[Problem to solve]: Copy every line in the records below that contains the word "trend".

Records from a dataset:
────────────────
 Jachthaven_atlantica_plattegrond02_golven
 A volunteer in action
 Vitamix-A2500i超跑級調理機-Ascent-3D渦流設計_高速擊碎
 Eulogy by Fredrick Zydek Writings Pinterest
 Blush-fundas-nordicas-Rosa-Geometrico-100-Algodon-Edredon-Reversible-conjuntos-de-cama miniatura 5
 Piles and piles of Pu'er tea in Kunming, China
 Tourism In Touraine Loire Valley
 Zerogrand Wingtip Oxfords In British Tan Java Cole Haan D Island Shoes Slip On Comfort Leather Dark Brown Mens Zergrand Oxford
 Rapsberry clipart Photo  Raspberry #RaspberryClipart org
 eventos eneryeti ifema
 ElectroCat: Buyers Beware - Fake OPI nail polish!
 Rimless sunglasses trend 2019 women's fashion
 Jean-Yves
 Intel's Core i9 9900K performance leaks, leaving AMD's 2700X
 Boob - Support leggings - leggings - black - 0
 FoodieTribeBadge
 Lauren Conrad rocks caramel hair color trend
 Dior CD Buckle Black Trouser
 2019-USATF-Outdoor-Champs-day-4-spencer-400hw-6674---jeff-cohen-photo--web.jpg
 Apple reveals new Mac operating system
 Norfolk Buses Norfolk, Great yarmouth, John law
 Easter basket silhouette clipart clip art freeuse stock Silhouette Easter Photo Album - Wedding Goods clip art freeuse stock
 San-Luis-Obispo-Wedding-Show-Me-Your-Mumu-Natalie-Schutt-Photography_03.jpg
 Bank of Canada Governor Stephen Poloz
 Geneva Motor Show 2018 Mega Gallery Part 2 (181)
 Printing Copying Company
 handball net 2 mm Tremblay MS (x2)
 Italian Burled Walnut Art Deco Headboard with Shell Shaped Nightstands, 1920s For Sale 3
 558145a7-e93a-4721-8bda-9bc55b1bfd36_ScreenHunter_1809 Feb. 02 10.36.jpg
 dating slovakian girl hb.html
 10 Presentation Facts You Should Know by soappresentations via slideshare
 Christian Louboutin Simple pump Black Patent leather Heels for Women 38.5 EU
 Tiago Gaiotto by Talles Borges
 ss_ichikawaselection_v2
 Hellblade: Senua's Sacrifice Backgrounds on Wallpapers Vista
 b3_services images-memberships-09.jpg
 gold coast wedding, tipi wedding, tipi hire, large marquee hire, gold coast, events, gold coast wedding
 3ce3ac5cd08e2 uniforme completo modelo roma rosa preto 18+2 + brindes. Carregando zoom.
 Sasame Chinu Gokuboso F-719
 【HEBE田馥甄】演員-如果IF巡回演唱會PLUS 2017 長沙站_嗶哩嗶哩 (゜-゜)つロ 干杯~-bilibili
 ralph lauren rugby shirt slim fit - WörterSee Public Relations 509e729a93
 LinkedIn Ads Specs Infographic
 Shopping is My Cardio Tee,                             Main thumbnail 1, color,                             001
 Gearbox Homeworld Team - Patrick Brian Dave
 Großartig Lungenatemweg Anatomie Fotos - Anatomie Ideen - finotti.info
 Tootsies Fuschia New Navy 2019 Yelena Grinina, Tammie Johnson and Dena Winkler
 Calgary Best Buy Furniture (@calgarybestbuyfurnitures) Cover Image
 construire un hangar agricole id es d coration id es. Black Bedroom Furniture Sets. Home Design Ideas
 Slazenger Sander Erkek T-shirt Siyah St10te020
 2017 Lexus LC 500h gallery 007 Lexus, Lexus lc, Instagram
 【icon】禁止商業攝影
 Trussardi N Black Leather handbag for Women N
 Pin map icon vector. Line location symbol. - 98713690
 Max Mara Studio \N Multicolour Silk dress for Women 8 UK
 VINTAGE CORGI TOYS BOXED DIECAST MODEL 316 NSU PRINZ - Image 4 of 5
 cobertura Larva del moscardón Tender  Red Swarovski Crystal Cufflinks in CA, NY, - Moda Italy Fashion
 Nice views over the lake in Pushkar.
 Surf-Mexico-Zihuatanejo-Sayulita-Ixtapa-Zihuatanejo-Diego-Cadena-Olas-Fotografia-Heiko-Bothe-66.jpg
────────────────
[Response to the task]:
 Rimless sunglasses trend 2019 women's fashion
 Lauren Conrad rocks caramel hair color trend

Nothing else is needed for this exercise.